To view more examples on setting up OAuth Token validator check test/perl/api-gateway/validation/oauth2/userProfileValidator.t.

Developer guide

Install the api-gateway first

Since this module is running inside the api-gateway, make sure the api-gateway binary is installed under /usr/local/sbin. You should have 2 binaries in there: api-gateway and nginx, the latter being only a symbolik link.

Update git submodules

git submodule update --init --recursive

Running the tests

To run unit tests and integration tests, use ./run_tests.sh

Unit tests

In order to run the unit tests, the command is ./run_unit_tests.sh

Integration tests

With docker

make test-docker

This command spins up 2 containers ( Redis and API Gateway ) and executes the tests in test/perl

With native binary

make test

The tests are based on the test-nginx library. This library is added a git submodule under test/resources/test-nginx/ folder, from https://github.com/agentzh/test-nginx.

Test files are located in test/perl. The other libraries such as Redis, test-nginx are located in test/resources/. Other files used when running the test are also located in test/resources.

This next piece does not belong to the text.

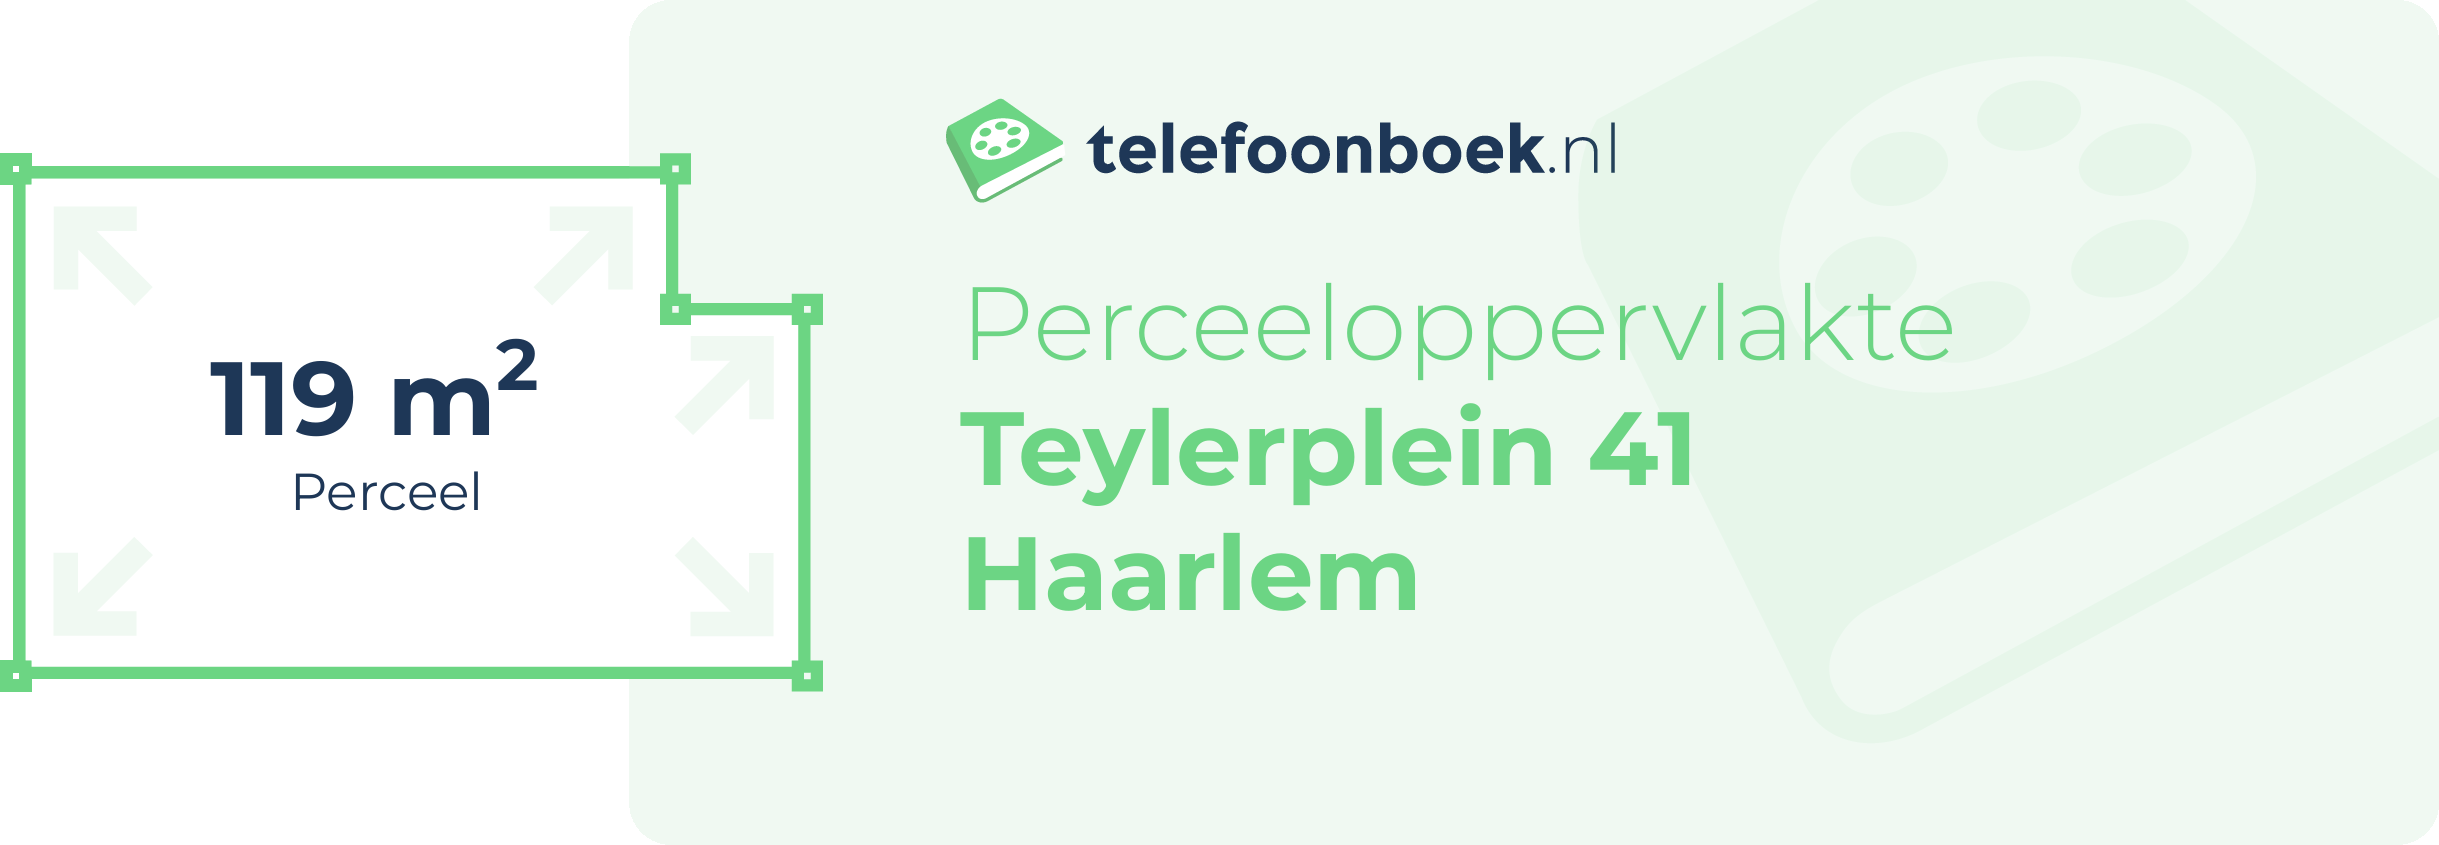 Perceeloppervlakte Teylerplein 41 Haarlem

When tests execute with make tests, a few things are happening:

• Redis server is compiled and installed in target/redis-${redis_version}. The compilation happens only once, not for every tests run, unless make clear is executed.
• Redis server is started
• api-gateway process is started for each test and then closed. The root folder for api-gateway is target/servroot
• some test files may output the logs to separate files under target/test-logs
• when tests complete successfully, Redis server is closed

Prerequisites

MacOS

First make sure you have Test::Nginx installed. You can get it from CPAN with something like that:

sudo perl -MCPAN -e 'install Test::Nginx'

( ref: http://forum.nginx.org/read.php?2,185570,185679 )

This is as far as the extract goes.